WORK TASK:
All lines from the one containing "Kleiner Purzelbaum, 2012, Bronze, 11" through the final line of the listing below, and no others, must be returned exactly; no pictures belong in the copy.

DATASET EXCERPT:
╭──
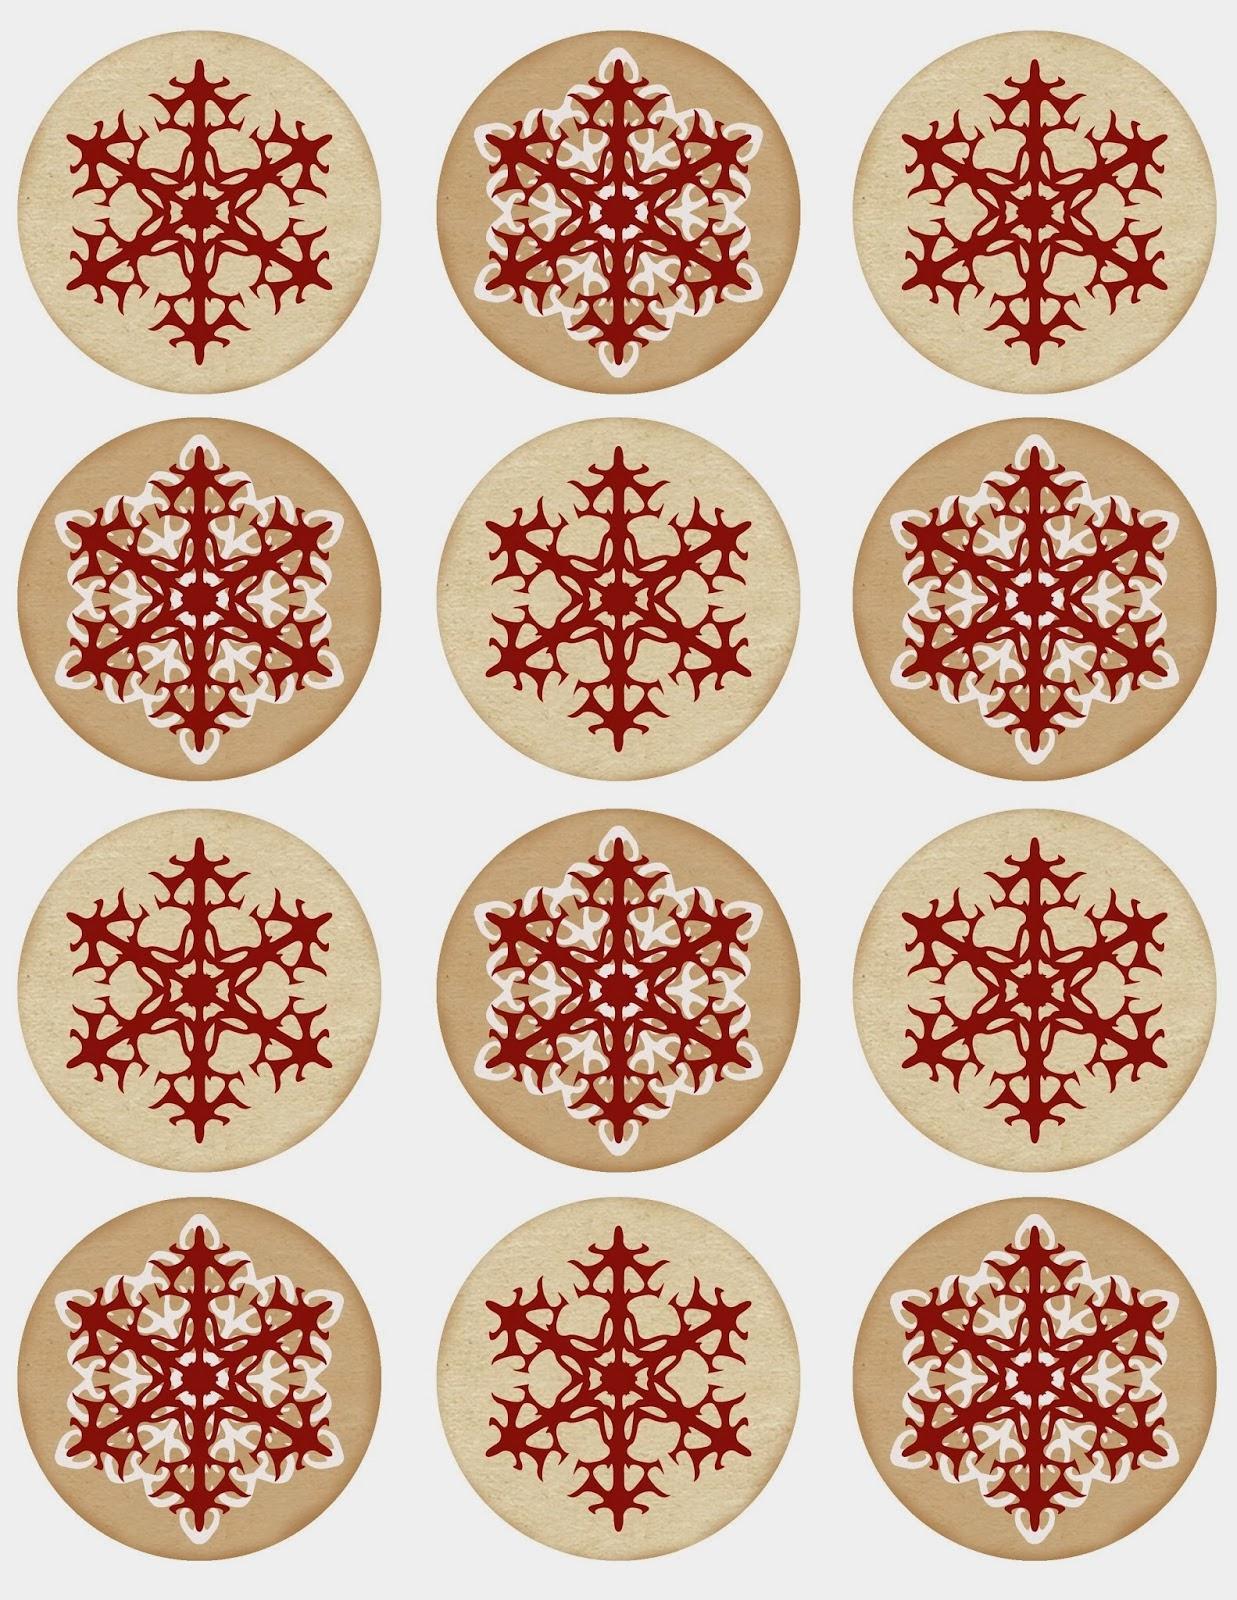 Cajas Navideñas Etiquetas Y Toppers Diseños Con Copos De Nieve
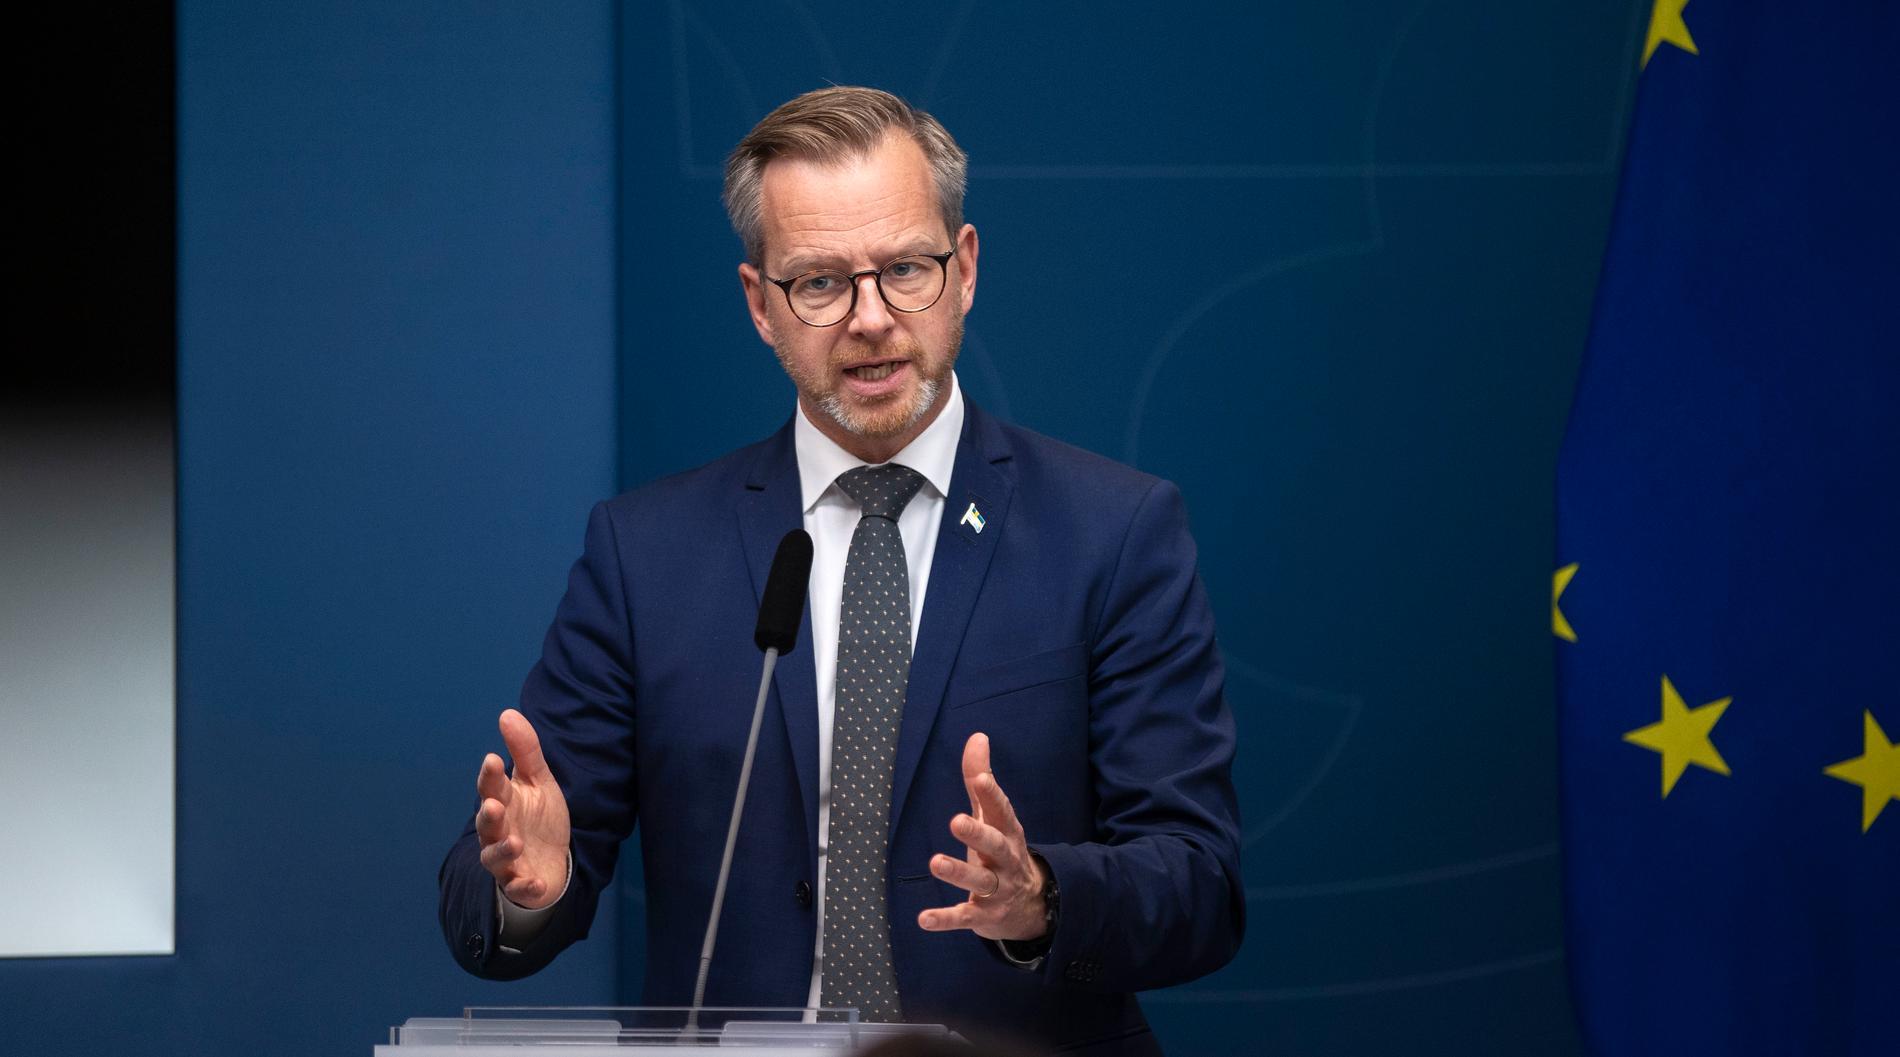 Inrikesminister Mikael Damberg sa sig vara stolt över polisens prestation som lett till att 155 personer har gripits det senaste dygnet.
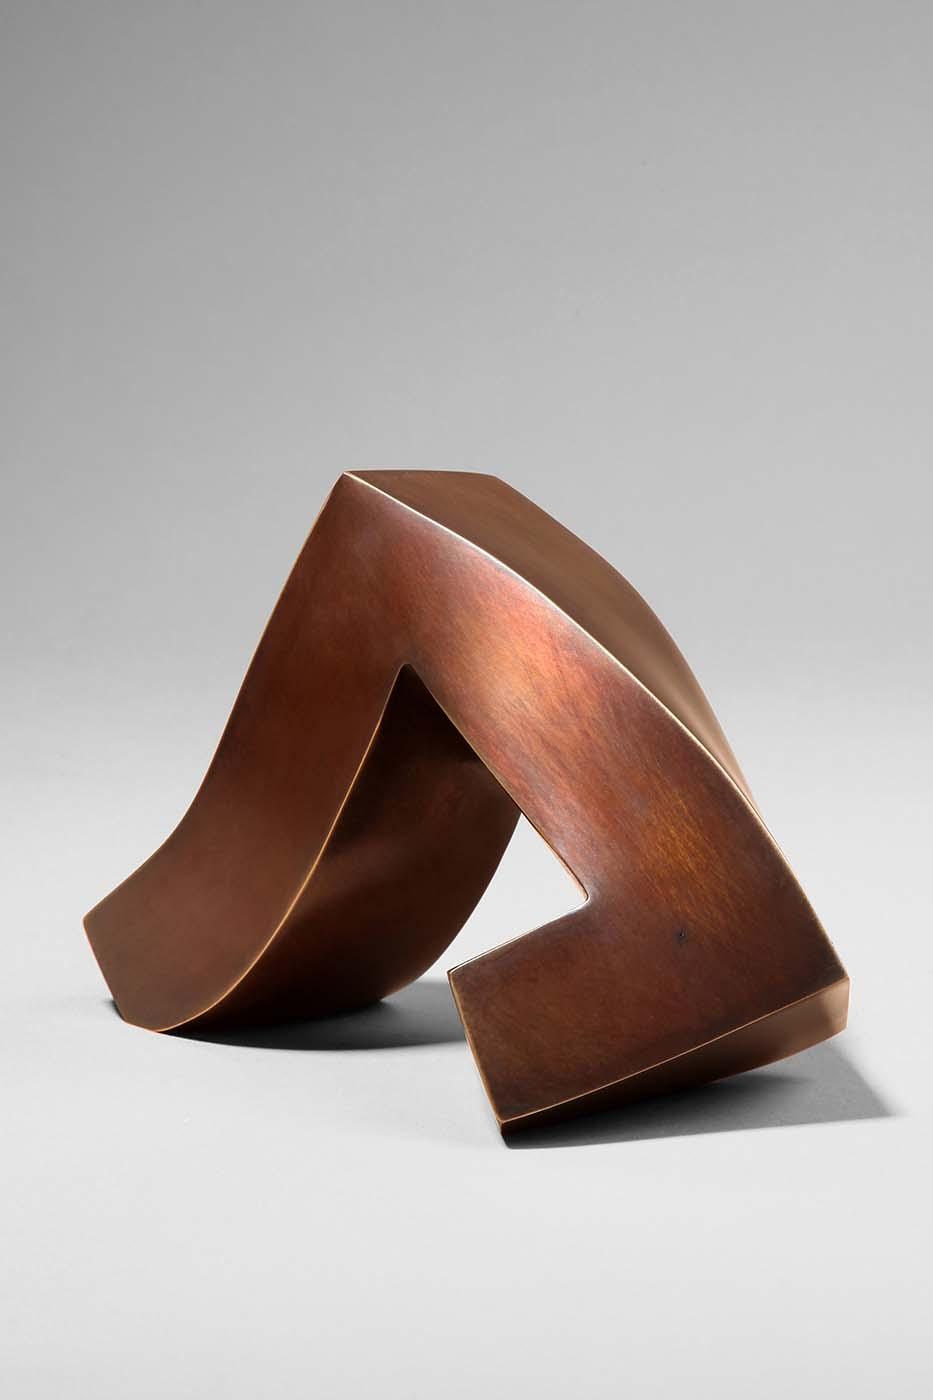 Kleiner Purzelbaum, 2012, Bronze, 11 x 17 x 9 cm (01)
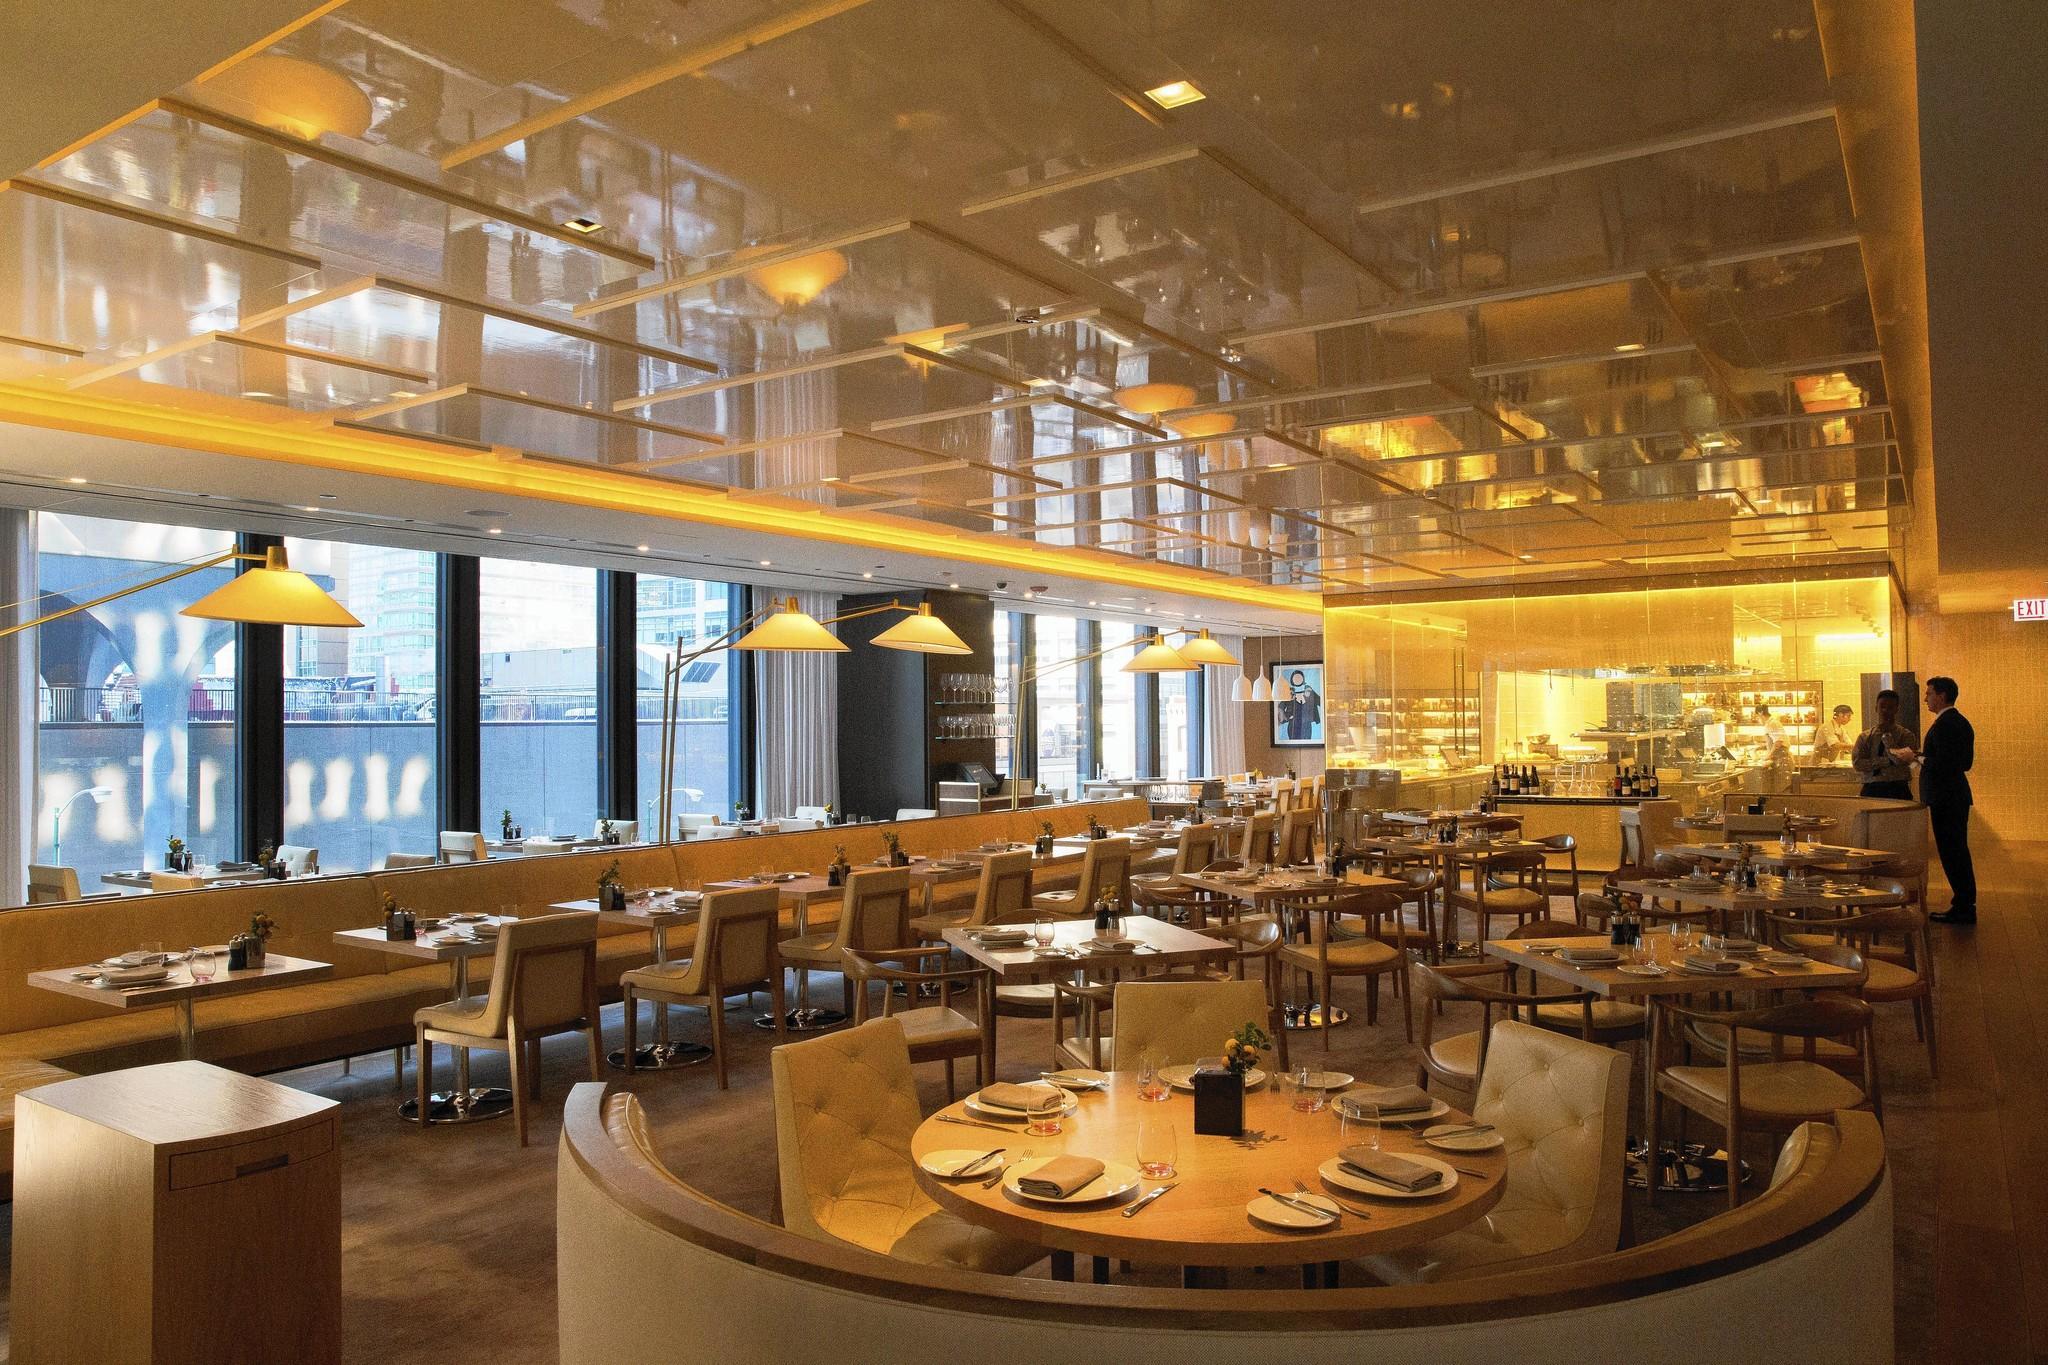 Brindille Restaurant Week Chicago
╰──
RESULT FOR THIS TASK:
 Kleiner Purzelbaum, 2012, Bronze, 11 x 17 x 9 cm (01)
 Brindille Restaurant Week Chicago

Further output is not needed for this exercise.